Is This the Key to a Happier Life?

Some things are within our power, while others are not. Within our power are opinion, motivation, desire, aversion, and, in a word, whatever is of our own doing; not within our power are our body, our property, reputation, office, and, in a word, whatever is not of our own doing. — Epictetus

What is the dichotomy of control?

At the core of Stoic philosophy there are many concepts that have immeasurable value. However, I believe the dichotomy of control to be the most important of them all. It is a simple framework that is effective in clearing the mind to focus your thoughts. The idea is to manage thinking patterns by gaining an understanding of the foundational concept of internal and external influences. The successful comprehension of the dichotomy of control provides you the opportunity transform your life.

The whole idea can be demonstrated with the original stoic philosopher. Zeno of Citium, a wealthy merchant trader in the third century BCE, lost almost all of his possessions following a series of misfortunate events. After being shipwrecked, Zeno had every excuse available to react emotionally, yet, he did not. Instead he found himself in a book shop where he picked up a book and decided to pursue a new path, which ultimately led to his forming of one of the most practical philosophies today.

Many people do not react with such composure following misfortune. So why did Zeno make a conscious decision not to behave in any erratic way? He realised that there was no sense in becoming more upset about that which is outside his sphere of control.

Now, I agree that initially this sounds absurd. How can one not be upset or angry with the results of hard times and situations? Are we to numb our emotions in order to survive such circumstances? Simply, no.

Stoicism isn’t about the extermination of emotions but rather their domestication. The dichotomy of control is the foundation of this process.

Below is an example of how it is used today in various organisations such as Alcoholics Anonymous.

God, grant me the serenity to accept the things I cannot change,

Courage to change the things I can,

And wisdom to know the difference.

Another example is from the Jewish Philosopher Solomon ibn Gabirol who expressed the concept this way, “And they said: at the head of all understanding — is realising what is and what cannot be, and the consoling of what is not in our power to change.”

Even though the idea has traversed centuries and religions as a useful tool for better living, there are many who still view the idea as counter-productive. They confuse the use of reasoned choice and logic with being irresponsible, unattached and devoid of sentiment.

Given the confusion that can surround the stoic concept, it is prudent to break it down into clear and concise information. Let’s have a look and break it down.

What is inside my control?

It is easy to become mislead and believe we are in control of more than what we actually are. That which lies inside our control is:

  • our thoughts
  • our actions
  • our reactions
  • our choices

Are you surprised by what you see on this list? It seems quite short in comparison to what we believe we have power over. So, what isn’t in our control?

  • our health
  • our wealth
  • our reputation
  • outcome of events

Now, this may be confusing to the reader, however, let me explain. I once thought of this to be quite bizarre as I thought these were things we had control over. In this circumstance we must realise the difference between control and influence.

Control: To have power over


Influence: the act or power of producing an effect without apparent exertion of force or direct exercise of command

Control is more rigid and constraining where you can choose the outcome whereas influence is much more malleable and gentle. Influence does not have the same certainty as control and is a hopeful act.

Let’s take a look at our health for an example. Sure, we can exercise to maintain and advance our physical and mental well-being, yet this isn’t wholly preventative of terminal illness. Our wealth can be easily lost irregardless of the safeguards we have put in place to retain it.

On Anxiety and Stress

An understanding of the dichotomy of control is all well and good, but how can it be used to manage various aspects of your life? Well, in the case of anxiety, worry and stress, it is quite straightforward.

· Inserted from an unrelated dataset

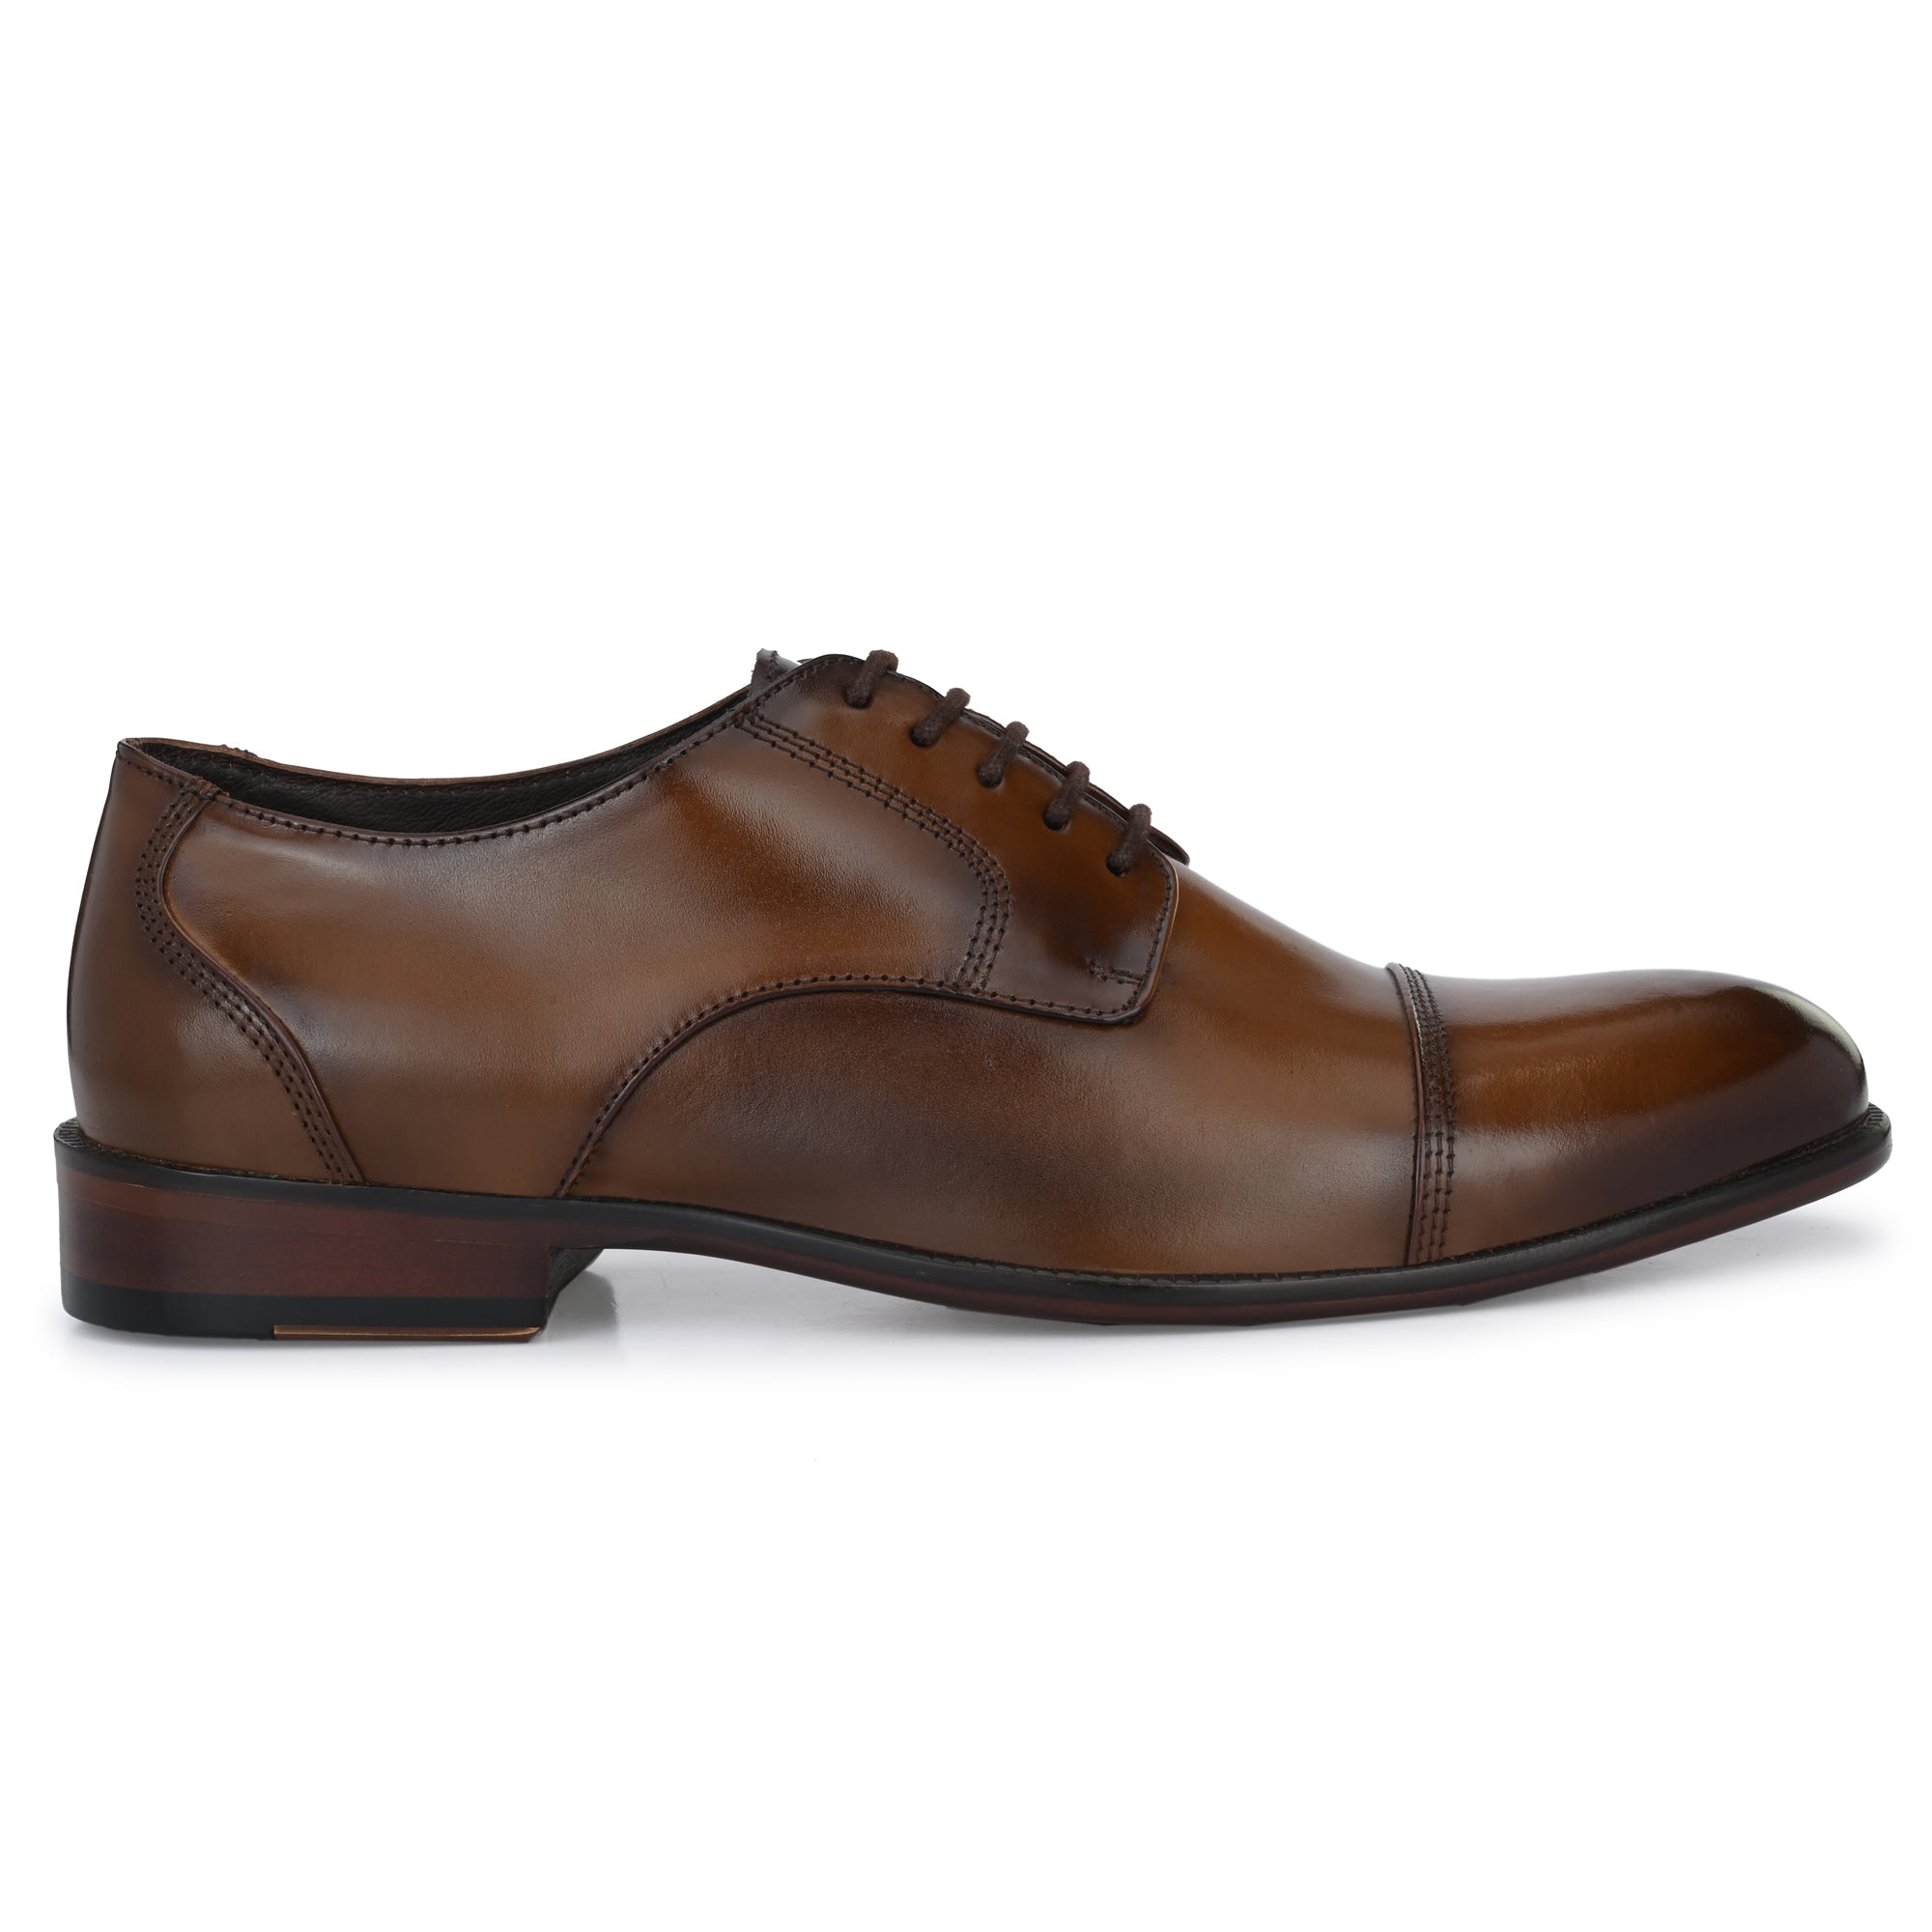 Tan Formal Lace-Up Shoes For Men
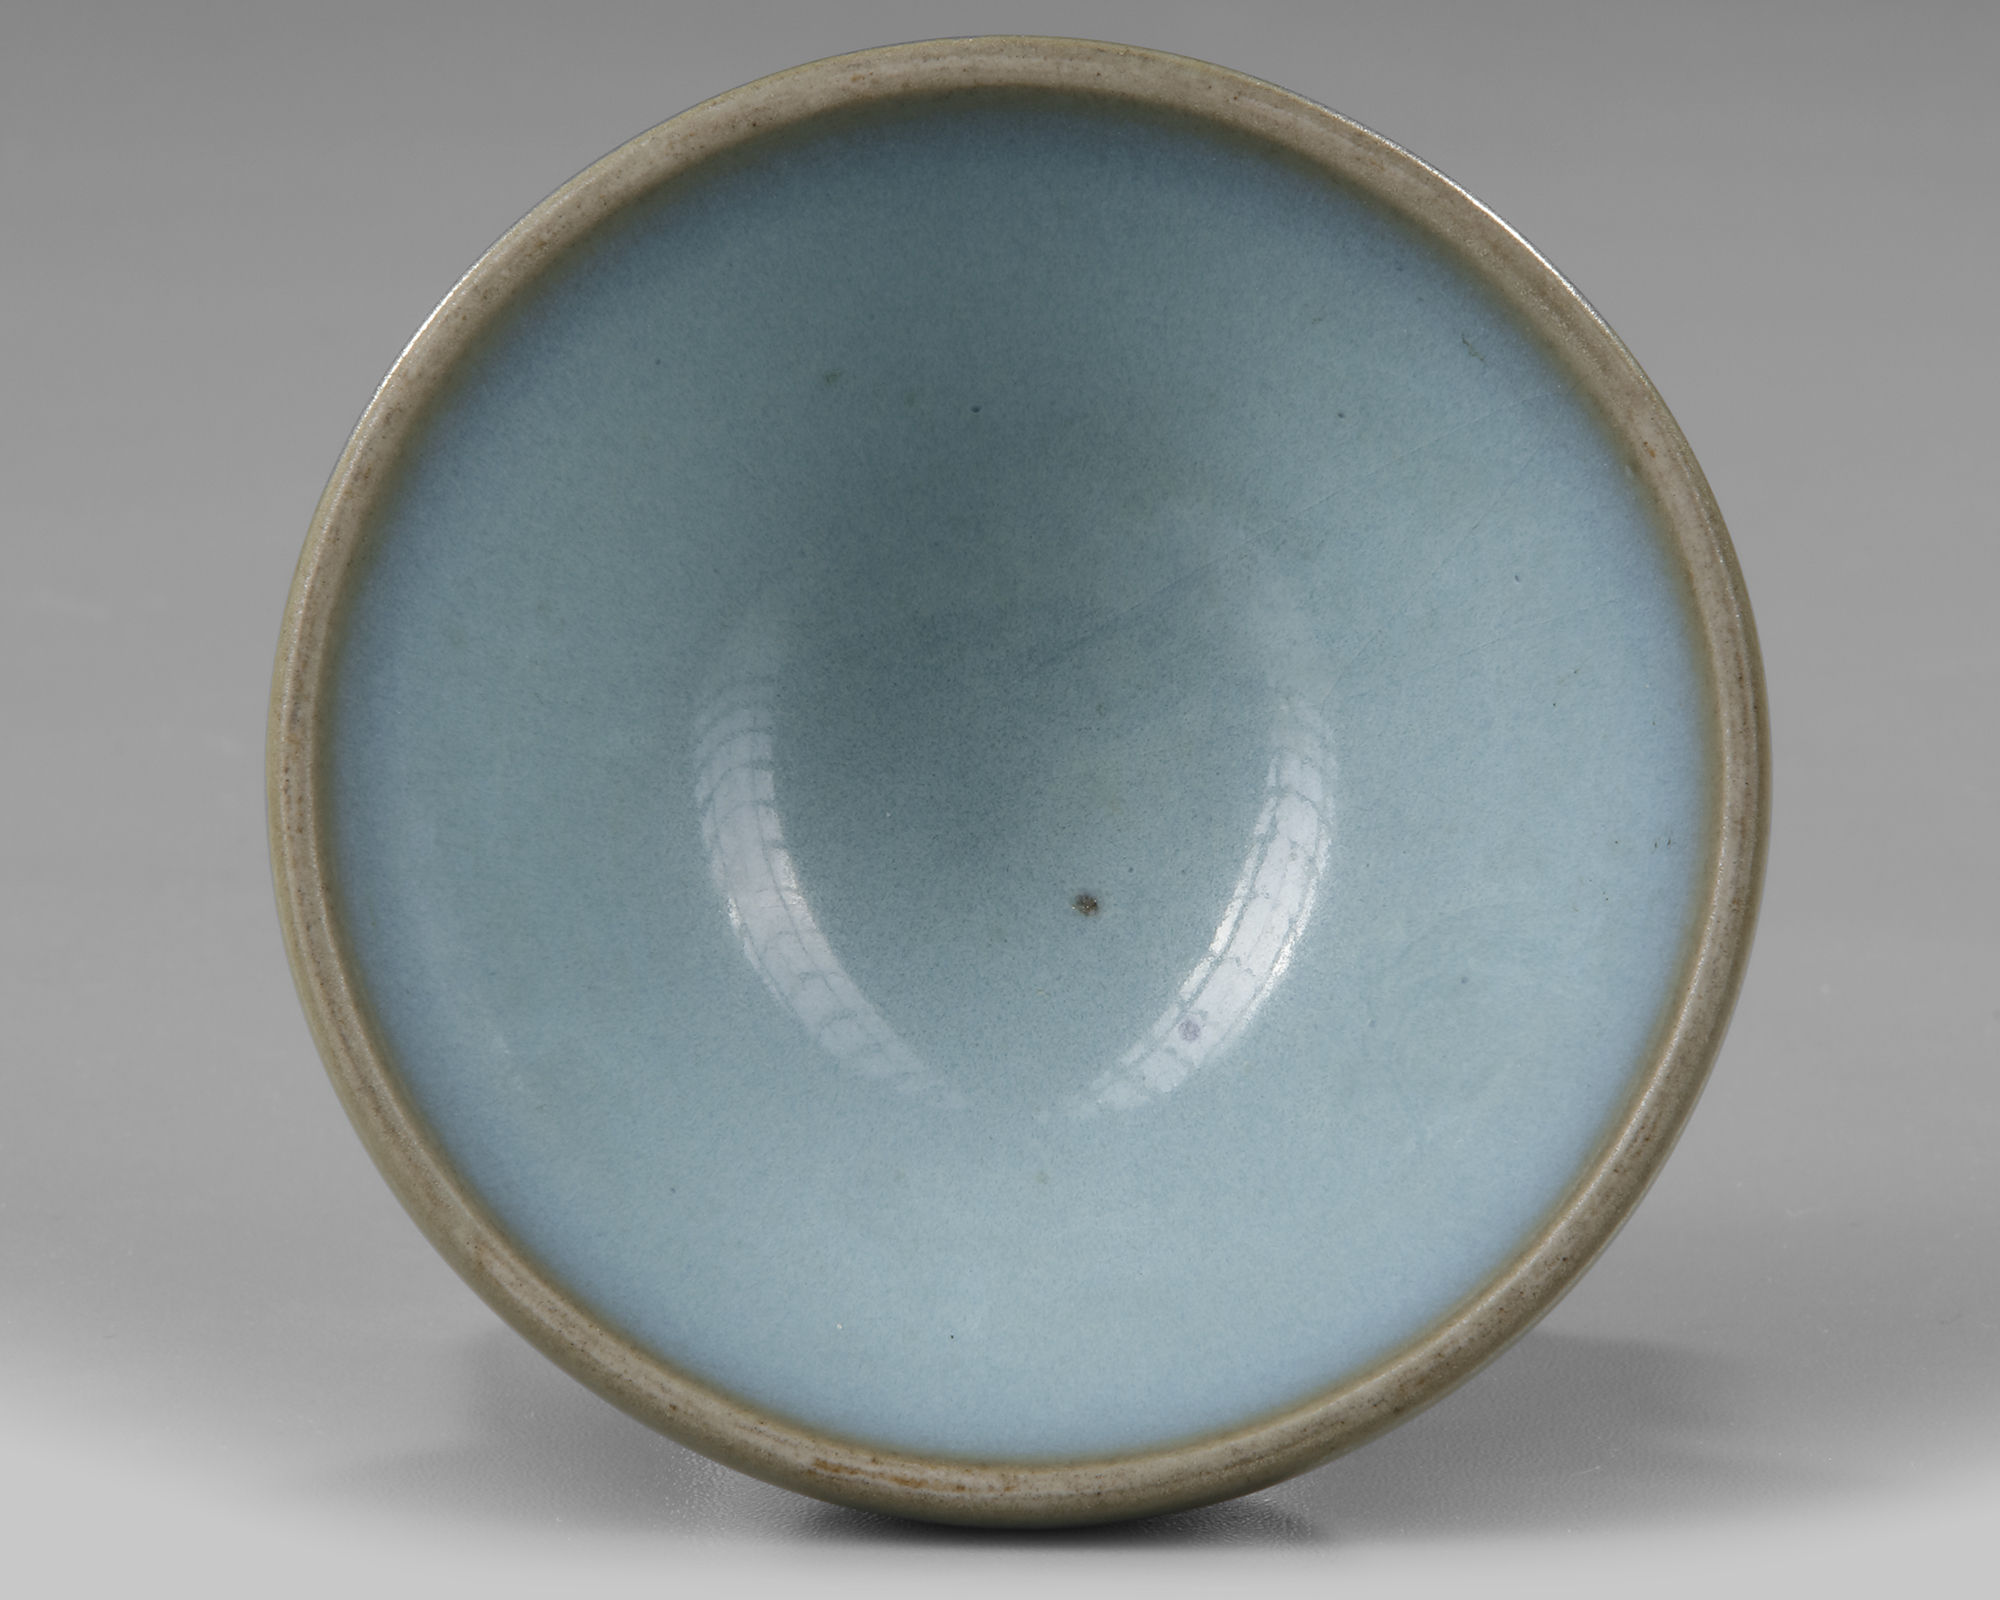 A CHINESE JUNYAO BLUE-GLAZED BOWL, SONG-JIN DYNASTY (11TH-12TH CENTURY) - Image 5 of 5

We suffer more often in imagination than in reality — Seneca

In any given situation where you fear future outcome, you are subjugating yourself to the grips of suffering and thus suffer twice over. Anxiety is the fear of that which has not yet happened or may never come to pass. So, irregardless of the outcome of any situation, why suffer more in your mind by looking too far ahead instead of being present and logical in your approach.

Typically, if it lies outside your sphere of control, there is nothing you can do about it, so why allow yourself to be bothered by such a thing? Instead, turn your focus inward and decide how you respond to outside events.

On Adversity

At some point or other in your life, you will suffer misfortune and face adversity. It’s the nature of our existence. Life is suffering and bizarrely enough, we are not educated on how to best approach and cope with it.

This is where we can use our knowledge of the Stoic dichotomy of control to persevere through adverse circumstances. Your ability to endure the hardship will inevitably lead to prosperity, but only if you manage it accordingly.

Whatever hardship has befallen you, there is nothing more you can do about it. What use is it to you to suffer more at the hand of that which is out of your control? It is senseless to devote your time to self-pity and unhappiness. Instead, ask yourself what it is you can do with the cards you have been dealt. You are in full control of your response to any given situation. Your reasoned choice is a superpower. (It would be in your best interest to remember this and perhaps use it as a daily mantra).

Let’s take an example of someone who has prospered from adversity.

Franklin Roosevelt was left paralysed from the waist down after contracting polio. This would be a massive blow to anyone, never mind a man expected to run a country. Instead of succumbing to his misfortune, he endured and fought to regain use of his legs. All whilst suffering through his personal battles, he ended up becoming one of the most respected Presidents in history.

This demonstrates how no matter your circumstances, your response to them is the most important aspect in thriving. We may not be able to control external events but our reactions to them are pivotal and also character defining in our lives.

Knowing is not enough we must do. Willing is not enough we must apply. — Bruce Lee

Final Thoughts

At the beginning of this article I explained the simple concept of the dichotomy of control and how simplistic it is in theory. However, this does not mean that it is an easy practice. If you want to improve your life you will need to be proactive in your approach. You must do, not simply just read a bunch of text and expect results.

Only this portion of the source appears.